Non-proliferation, disarmament and arms control
The Protocol for the Prohibition of the Use in War of Asphyxiating, Poisonous or other Gases, and of Bacteriological Methods of Warfare (the Geneva Protocol 1925) was adopted in reaction to the horrific consequences of the extensive use of toxic gas during the First World War. The Protocol entered into force in 1928. It bans the use of 'asphyxiating, poisonous or other gases, and of all analogous liquids, materials or devices', as well as the use of 'bacteriological methods of warfare' by a state party to the Protocol against any country which is also a party to the Protocol. Australia acceded to the Geneva Protocol in 1930.
Biological and Toxic Weapons Convention (BWC)
The Biological and Toxic Weapons Convention (BWC), negotiated from 1969 to 1972, prohibits States Parties from developing, producing, stockpiling or otherwise acquiring or retaining biological and toxic weapons and their means of delivery, and also governs their destruction. It therefore plays a critical role in international efforts to address the threat posed by biological and toxic weapons. One of the first countries to sign the BWC when it opened for signature in 1972, Australia ratified the Convention in 1977. Australia actively works to promote universal adherence to the BWC.

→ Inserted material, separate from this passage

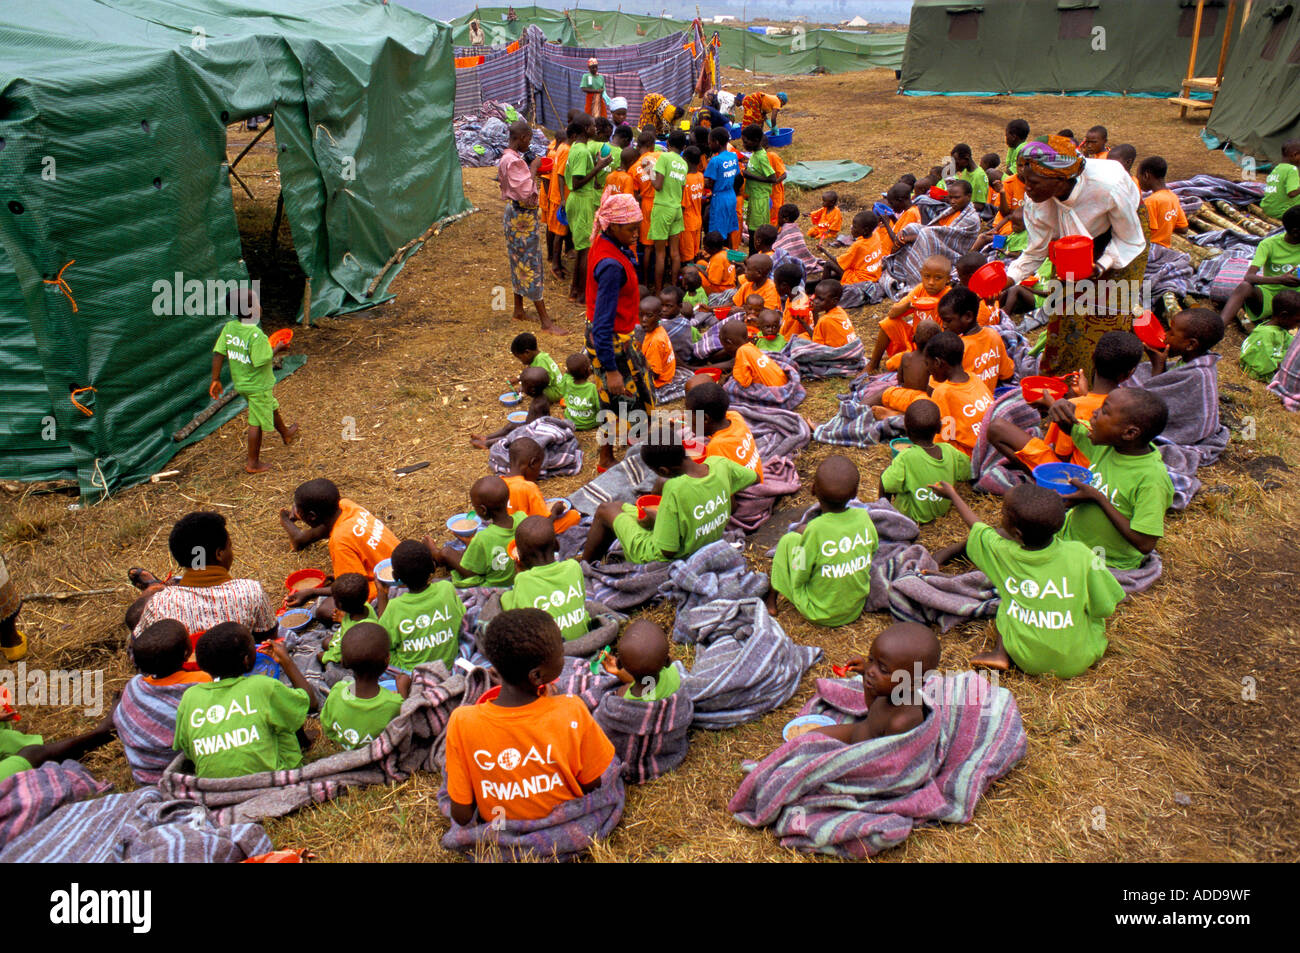 Kibumba orphanage Goma, DRC:  Young children in orange green Goal t-shirts having breakfast on the ground. Stock Photo

Although the BWC does not explicitly ban the use of biological and toxic weapons – which are already banned by the Geneva Protocol – the prohibitions it contains and the requirement that states parties destroy any stockpiles accumulated before accession, amount to an effective ban on use, and also establish a strong global norm against the use of such weapons. The BWC also prohibits states parties from assisting other countries to acquire biological and toxic weapons, directly or indirectly. Further, it requires States Parties to facilitate technical and scientific cooperation in the use of biotechnology for peaceful purposes.
The BWC remains a cornerstone of the multilateral disarmament regime and has established a strong norm against biological weapons. It is recognised as the first multilateral treaty to outlaw an entire category of weapons of mass destruction. States Parties have gradually elaborated upon the Convention’s provisions by reaching additional agreements and understandings at its review conferences.
The ninth Review Conference of the BWC will be held in Geneva in November- December 2022. The Review Conference will seek to reach consensus on a further intersessional program of work. As of July 2022, 184 countries had become States Parties to the BWC. Of the UN member states which are not party to the treaty, four states have signed, but not ratified, the Convention, and 10 states have neither signed or ratified it.